Methods: We conducted a retrospective chart review of 202 infants receiving prostaglandin E(1) during transport to our facility from 2000 to 2005. Prostaglandin E(1) adverse effects were described as likely or possible and transport complications as major or minor (requiring no intervention). Logistic regression was used to identify risk factors for major transport complications, and subgroup analysis compared risks among unintubated and prophylactically intubated infants.

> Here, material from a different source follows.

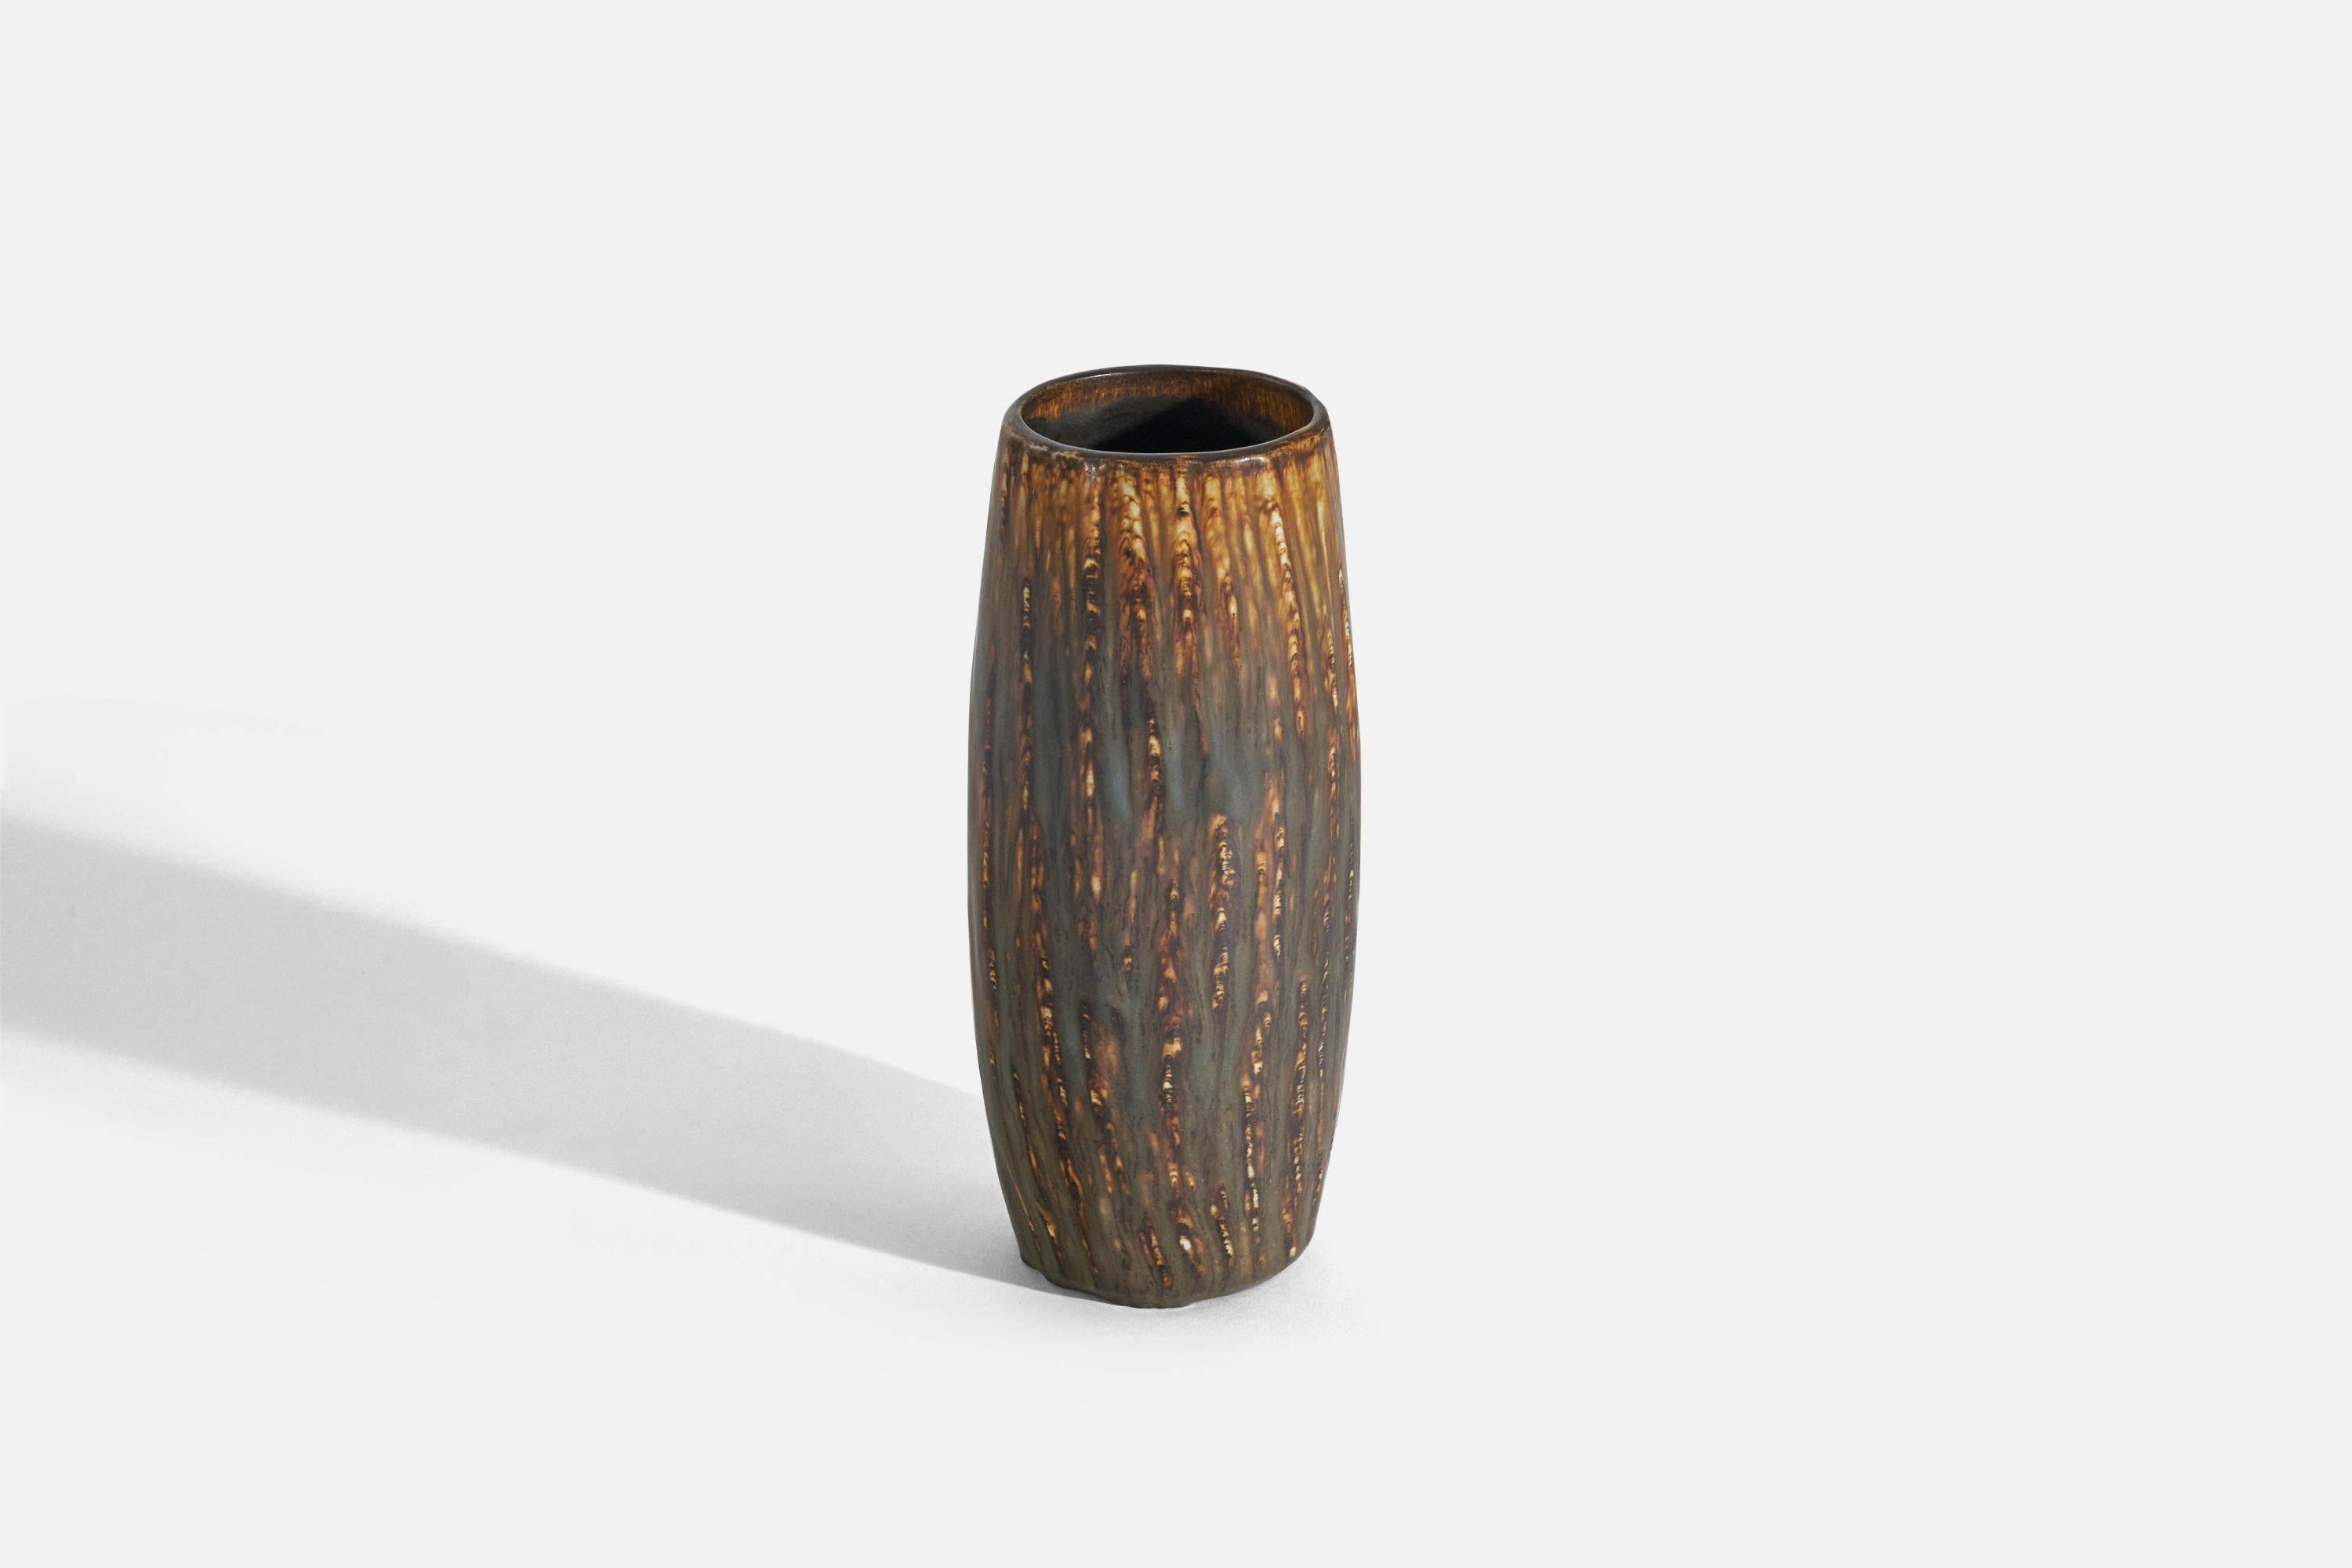 A brown and yellow-glazed stoneware vase designed by Gunnar Nylund and produced by Rörstrand, Sweden, 1950s.

Results: Sixty-four percent of infants were intubated before transport: 34% emergently before prostaglandin E(1), 14% for prostaglandin E(1)-related adverse effects, and 11% prophylactically. Likely prostaglandin E(1) adverse effects were noted in 38% of infants, including 18% with apnea. Major complications occurred during 42% of all of the transports, including 7 (10%) of 73 unintubated infants and 14 (61%) of 23 prophylactically intubated infants. After controlling for multiple factors, elective intubation was a significant predictor of major transport complications.

Conclusions: Despite high rates of prostaglandin E(1) adverse effects, elective intubation of infants for transport significantly increased the odds of a major transport complication. The risks of prophylactic intubation before the transport of otherwise stable infants on prostaglandin E(1) must be weighed carefully against possible benefits.